Same alignment problem again here. Also, of course, if you
actually try and dereference this pointer you're very unlikely
to have a valid string object there.

int* p5 = reinterpret_cast<int*>(p4);
*p5 = 3;

This is oK

I've often heard that the above code might not do what I expect it to do.
This leads me to believe that not all pointer types are the same.

They may all have different sizes and representations (except for
void*, char* and unsigned char* which must all be the same).

A) How are different pointer types different? My understanding is that they
simply store a memory address, so I would imagine they would all be the
same.

See above. There's more to "A memory address" than "A 32 bit number".
For example, 16-bit segmented architectures, or systems where the
'memory' is a reel of magnetic tape (Unlikely but possible).

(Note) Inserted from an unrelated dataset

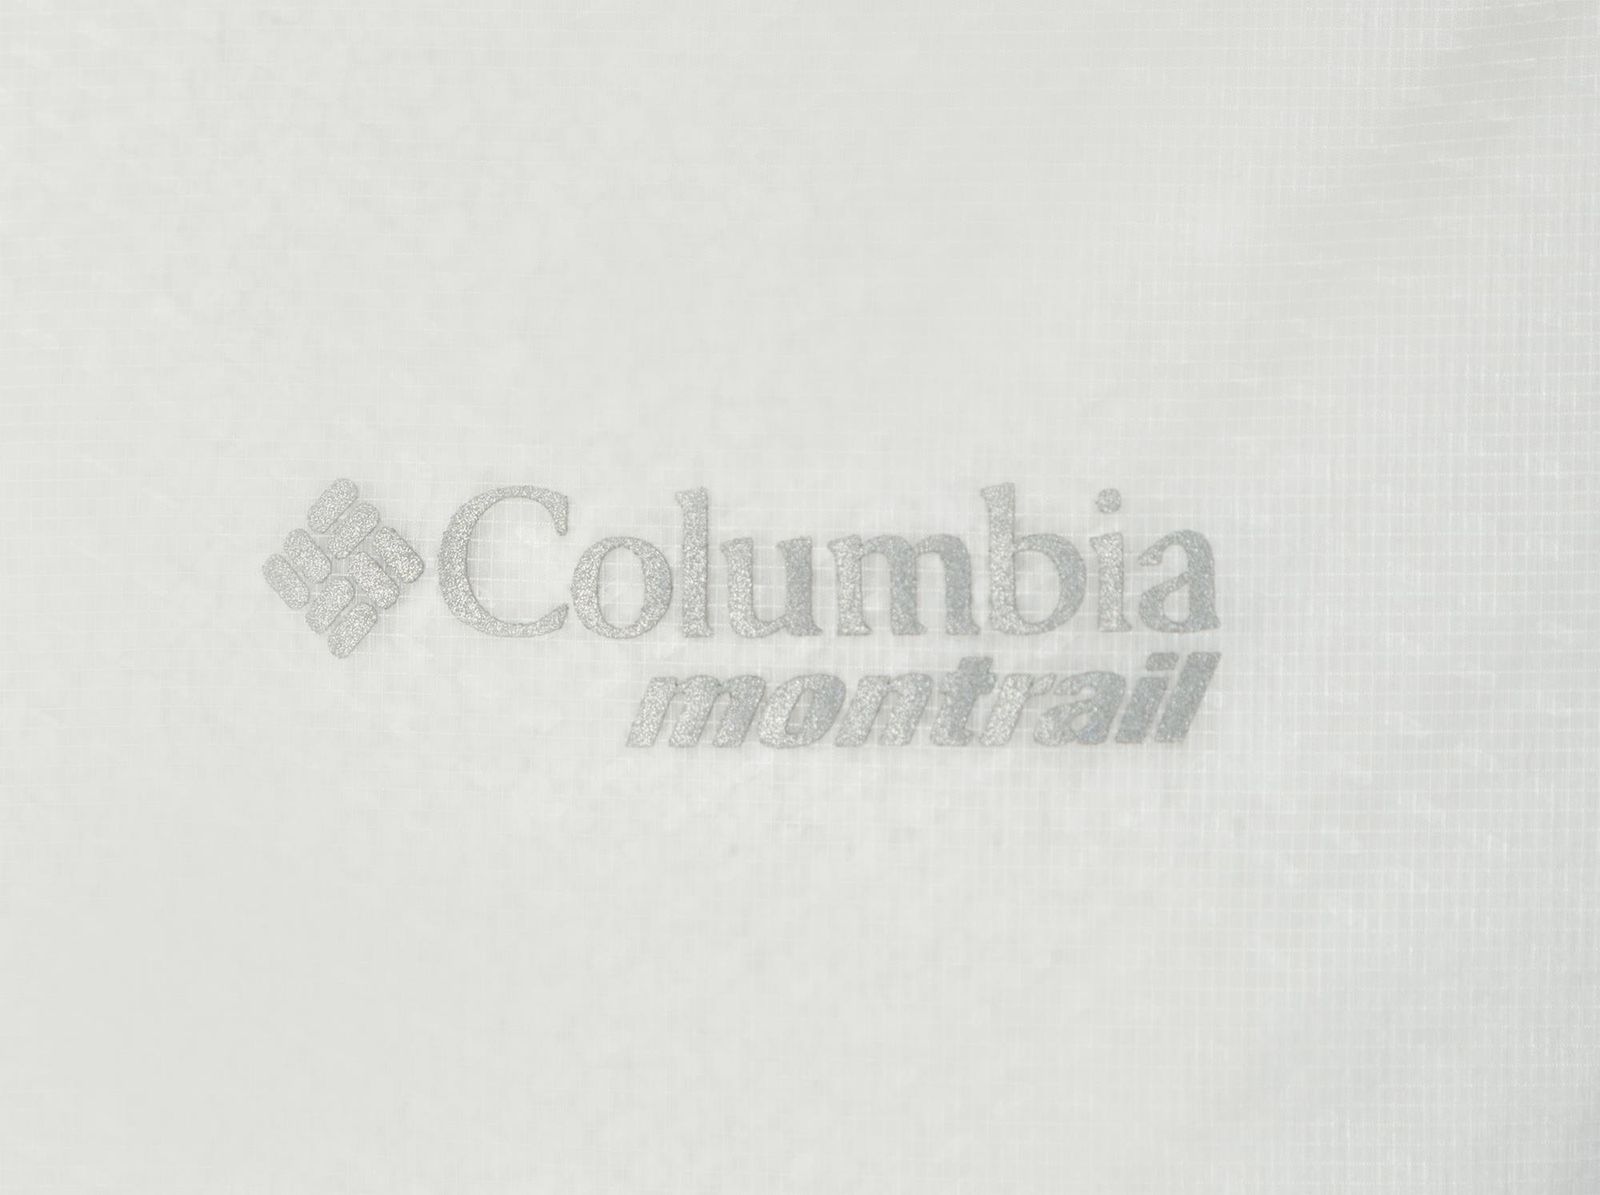   Columbia F, : . 1840921-031.  M (46/48)

Another question which comes to mind is:

B) Do all pointer types have the same null value? Or can different types
have different null values?

There is only one null value. But the representations of null can all
be different.

And finally, is the following code legal:

int (&array)[5] = *reinterpret_cast< int (*)[5] > ( new int[5] );

An (int *) might not be correctly aligned for an int (*)[5] .
(In practice this probably would never happen).